I pointed out that, as we had been learning about cultures given to blood revenge, people have long memories, and that they keep score. In that sense, since 1979 — i.e., when Khoumeini took over — Iranians had humiliated the Americans and the West repeatedly, from the seizure of the American Embassy, to kicking the US out of Lebanon via their proxies, Hezbullah, to intimidating the Western intelligentsia with the fatwa on Salman Rushdie, to messing with the US in Iraq, again via proxies. So Iran, having been offered the hand of friendship was less likely to view this offer as a sign of magnanimity and courage and a new opening for a peaceful diplomacy, than as a sign of weakness and cowardice.

And within moments, Ahmadinejad responded precisely as a player in the honor-shame game could be expected to respond, not with magnanimity but with the aggresion one can expect from someone who smells blood: to Obama’s offer to meet without conditions — a position that many warned was an ill-advised concessionAhmadinejad responded with a host of conditions, from further grovelling (Iran has their own list of grievances against the US), to major on-the-ground unilateral concessions.

And still more predictably, dedicated America haters chimed in — Hugo Chavez blamed Obama for not showing sufficient respect; while our own media discussed his “cool” or “ambiguous” response.

Below, Victor Davis Hanson’s analysis with comments from the honor-shame perspective.

January 27th, 2009 8:40 pm
Dancing Among Landmines—The Obama Al-Arabiya Interview.

President Barack Obama is being praised for choosing an Arabic TV network for his first formal television interview on the Dubai-based, Saudi-owned Al-Arabiya news channel.
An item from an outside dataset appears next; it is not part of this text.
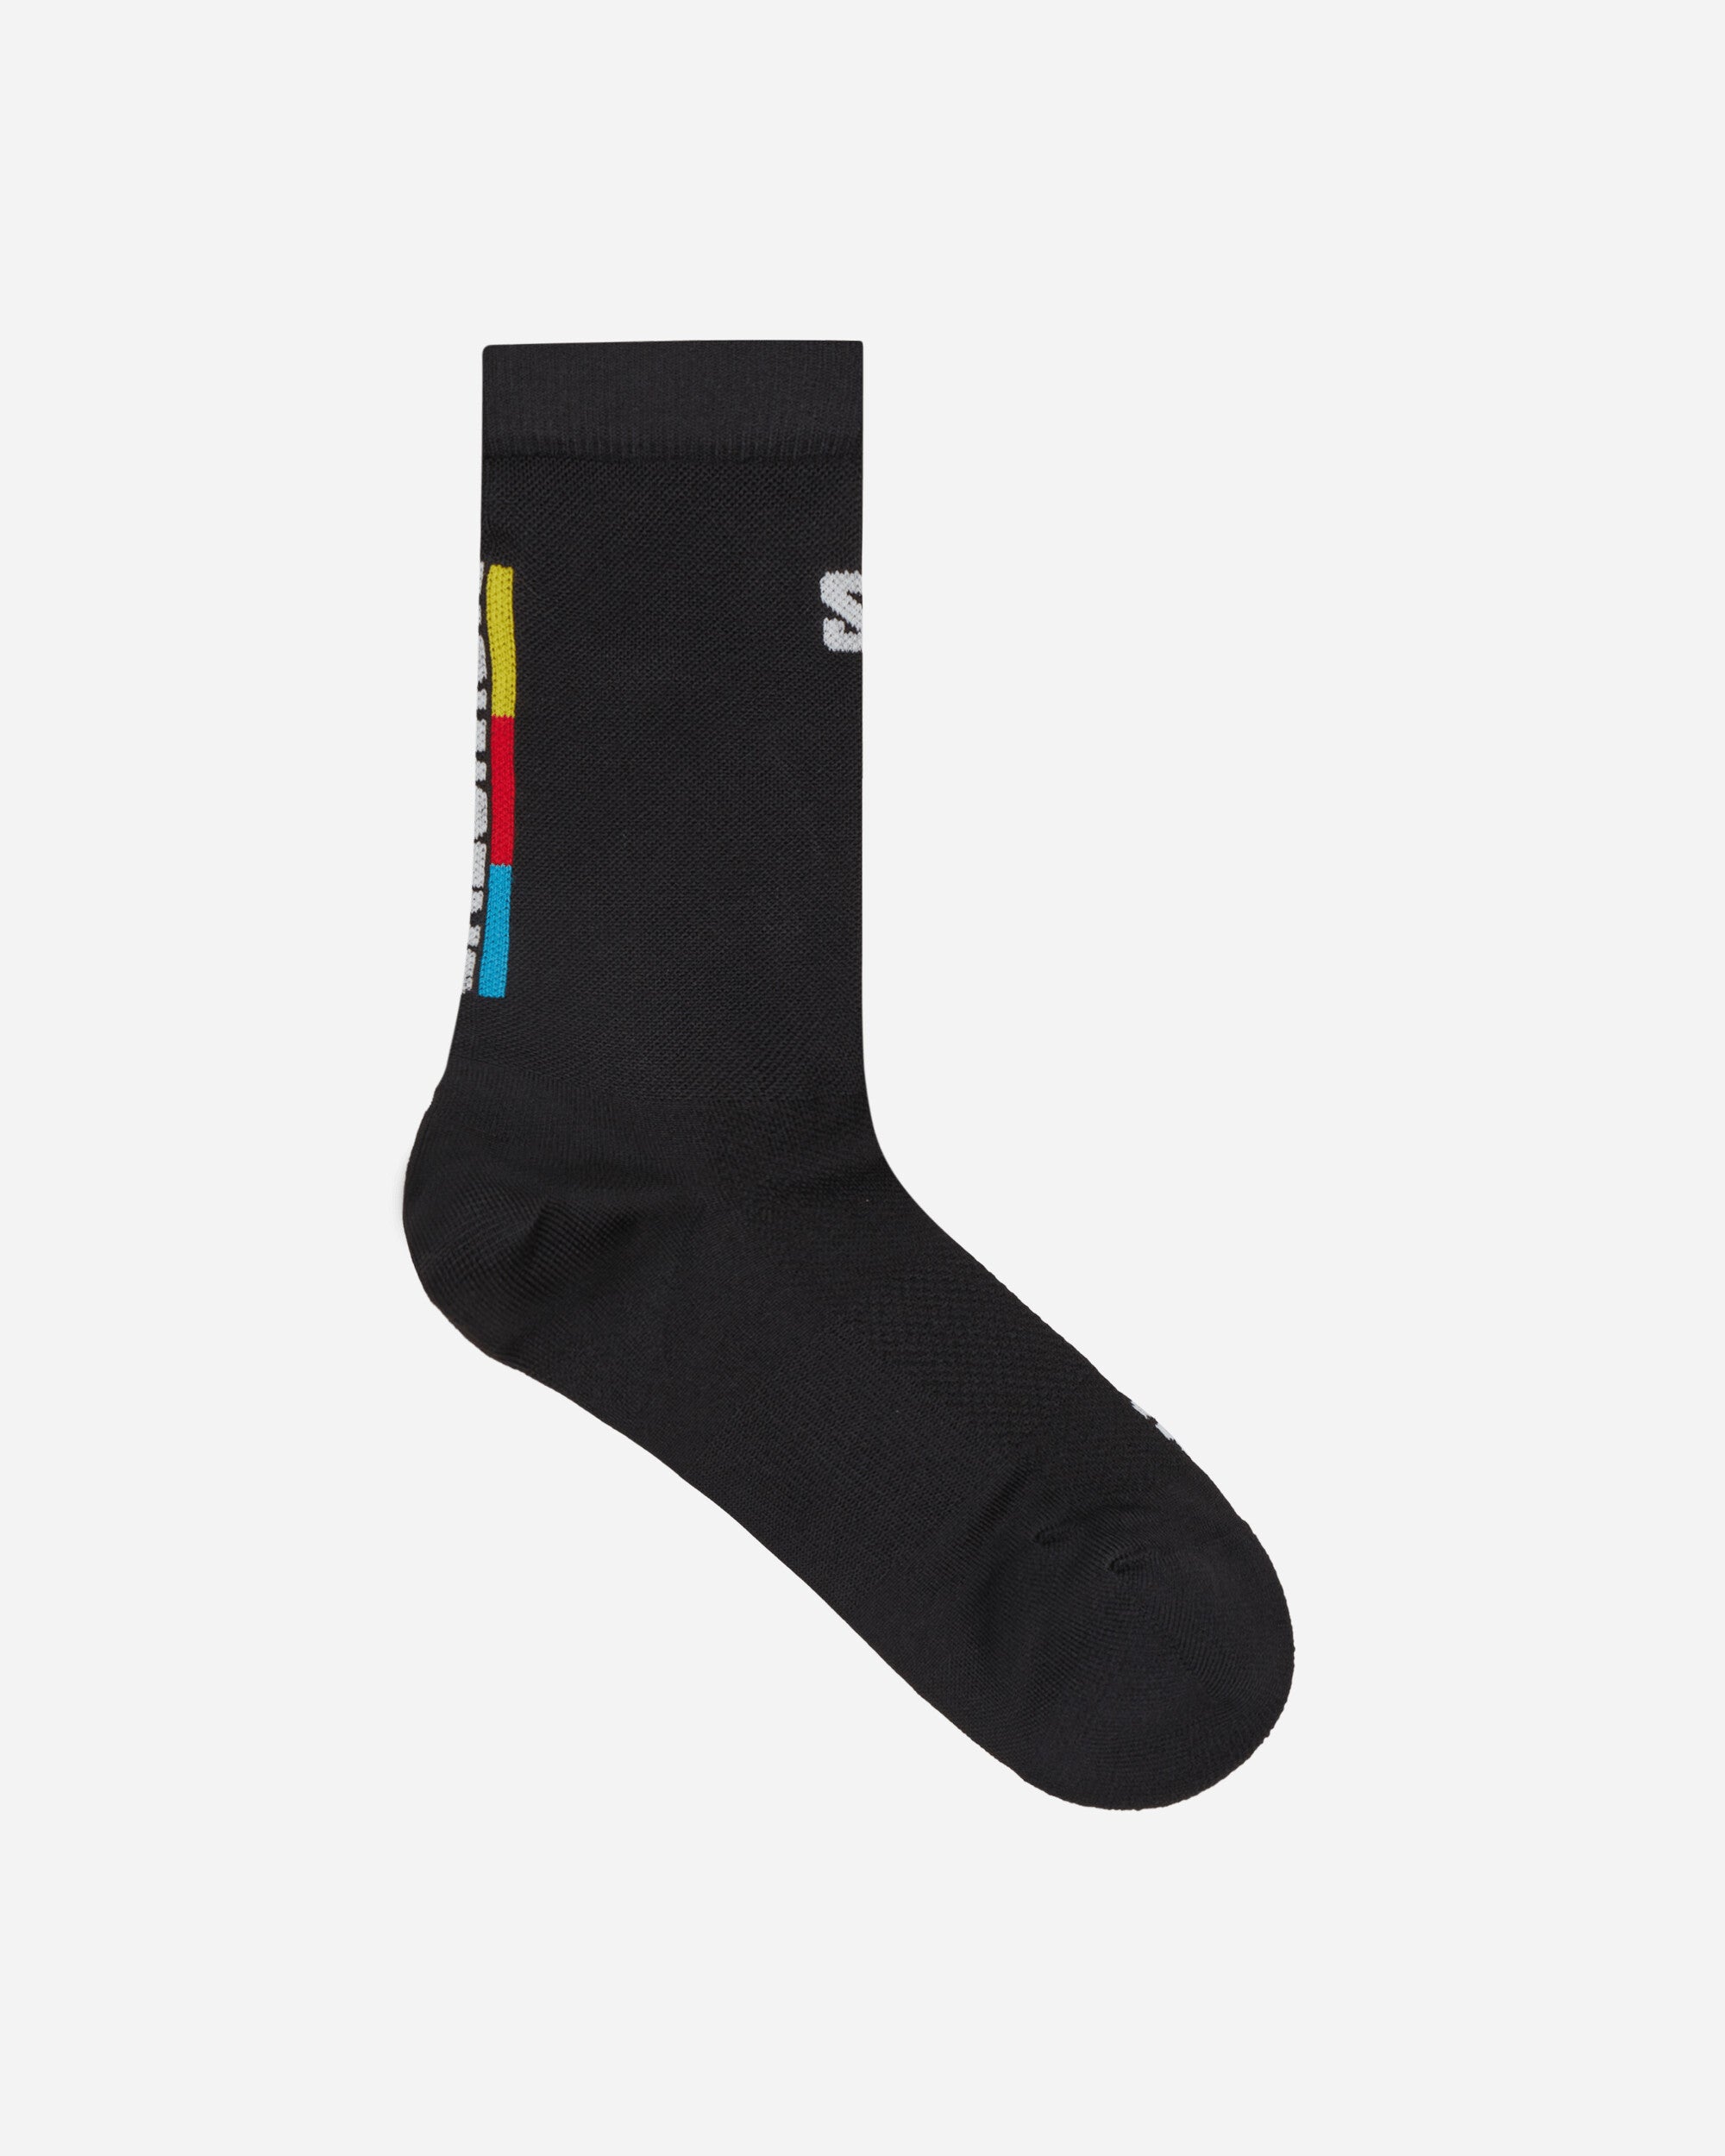 Salomon Pulse Race Flag Crew Black/Bright Red/Lemon Underwear Socks LC2262100

I think we can all appreciate the thinking behind such bold outreach, given that the media at home has chortled to the world that our new guy’s unusual background, in sort

A classic PCP move based on principles of integrity: be self-critical, and generous in judging the other side. They in turn, out of gratitutde for how you’ve shown them respect, will reciprocate. The Israeli progressives tried this on a massive scale during the Oslo process, including rewriting/revisioning Zionist history in the form of an apology to the Palestinians for all the damage Israelis had caused their neighbors.

Now this kind of historiography is a form of “therapeutic” history — “if I apologize, then the other side can accept my acknowledgment of the suffering I’ve caused them, and we can both move on. But therapy is a most dangerous platform on which to build a serious history, not only because it subordinates facts to a rhetorical stance, but because if you misjudge your audience(s), it can misfire. Indeed, not only has post-Zionism (predictably) provoked more hatred — “we told you so, we always knew you were to blame! — among Palestinians and other anti-Zionists, but it has seriously, dangerously, undermined Israeli self-confidence.

Obama, in a minor way, is trying the same maneuver. Let’s hope he’s got a fast learning curve. In any case, both history, and the study of honor-shame cultures suggests that this maneuver will backfire.